Download the data of the accession PRJNA386367 form the NCBI database. From the data of the accession PRJNA386367, select the rhizosphere, rhizoplane, and endosphere microbiome data from rice plants grown for 14 weeks in a submerged rice field in Arbuckle, California in 2014.
NOTE: The rhizosphere, rhizoplane, and endosphere microbiome data were presented by the OTUs table in accession PRJNA386367.

2. Optimal power value determination

NOTE: The WGCNA package contains all of the following functional parameters. WGCNA is an R package for weighted correlation network analysis. The key command lines refer to the Supplement S1.
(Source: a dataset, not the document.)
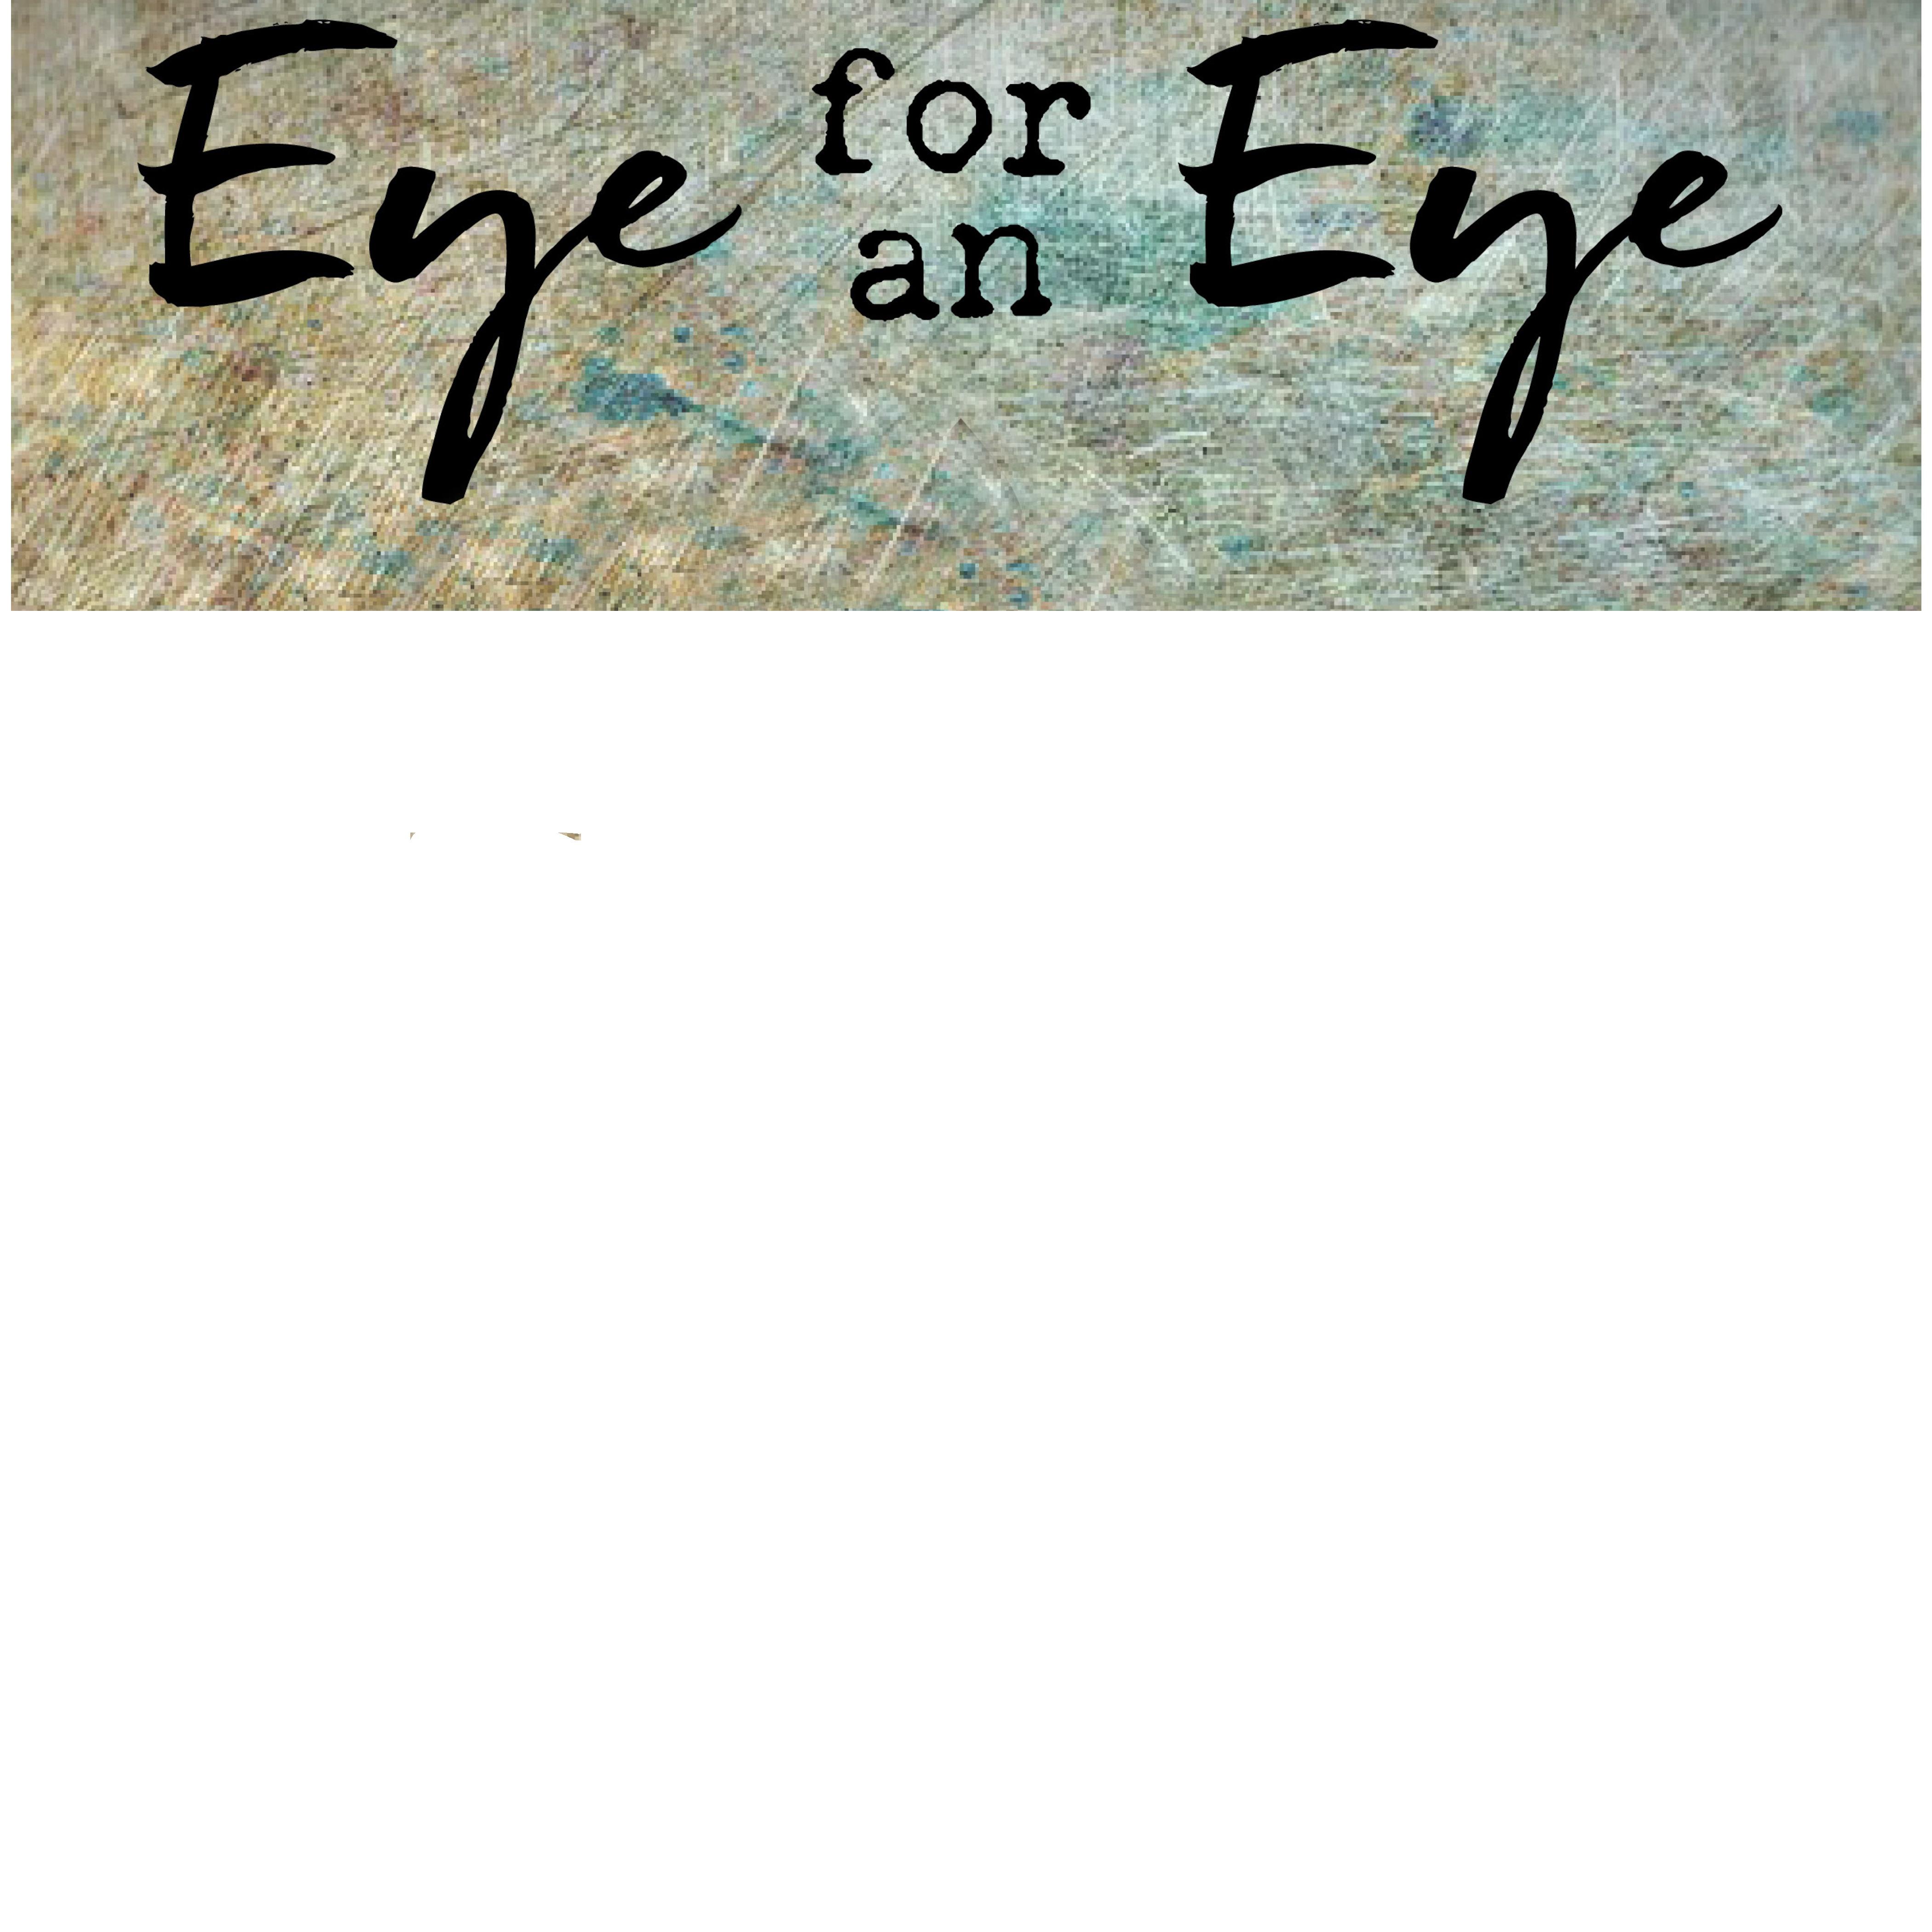 eyeforeyepod Cover

In the R language environment, open the Rstudio software and install the WGCNA package.
Load the data and use the goodSamplesGenes function to check the correctness of the data. Execute the command lines:
"gsg = goodSamplesGenes(datExpr0, verbose = 3)
gsg$allOK "
Click Run.
Check for outliers and store samples that meet the requirements. When the check result is TRUE, continue to the next step. Save the result.
Use the PickSoftThreshold function to calculate the scale-free index R² of the two groups of the data under different power values. Execute the command line:
"sft = pickSoftThreshold(datExpr0, powerVector = powers, verbose = 5)"
Click Run.
Visualize the results (Figure 1). Execute the command line:
"plot(sft$fitIndices[,1], -sign(sft$fitIndices[,3])*sft$fitIndices[,2],
xlab="Soft Threshold (power)",ylab="Scale Free Topology Model Fit,signed R^2",type="n",
main = paste("ES_Scale independence"));
text(sft$fitIndices[,1], -sign(sft$fitIndices[,3])*sft$fitIndices[,2],
labels=powers,cex=cex1,col="red");
abline(h=0.9,col="red")
plot(sft$fitIndices[,1], sft$fitIndices[,5],
xlab="Soft Threshold (power)",ylab="Mean Connectivity", type="n",
main = paste("ES_Mean connectivity"))
text(sft$fitIndices[,1], sft$fitIndices[,5], labels=powers, cex=cex1,col="red")"
Click Run.
NOTE: The premise of the weighted correlation network algorithm is that the established co-expression network structure conforms to the standards of the scale-free topology criterion, increasing its robustness. A scale-free index closer to 1 indicates a network structure that is closer to the scale-free network.
Select the power value when the scale-free index R² squared greater than 0.9 and proceed to the next step of analysis.
NOTE: When the scale-free index is close to 1, the network structure is closer to the scale-free network. When analyzing two or more networks, it is necessary to choose to make each network close to the power value of the scale-free network to satisfy the comparability between the co-expressed networks.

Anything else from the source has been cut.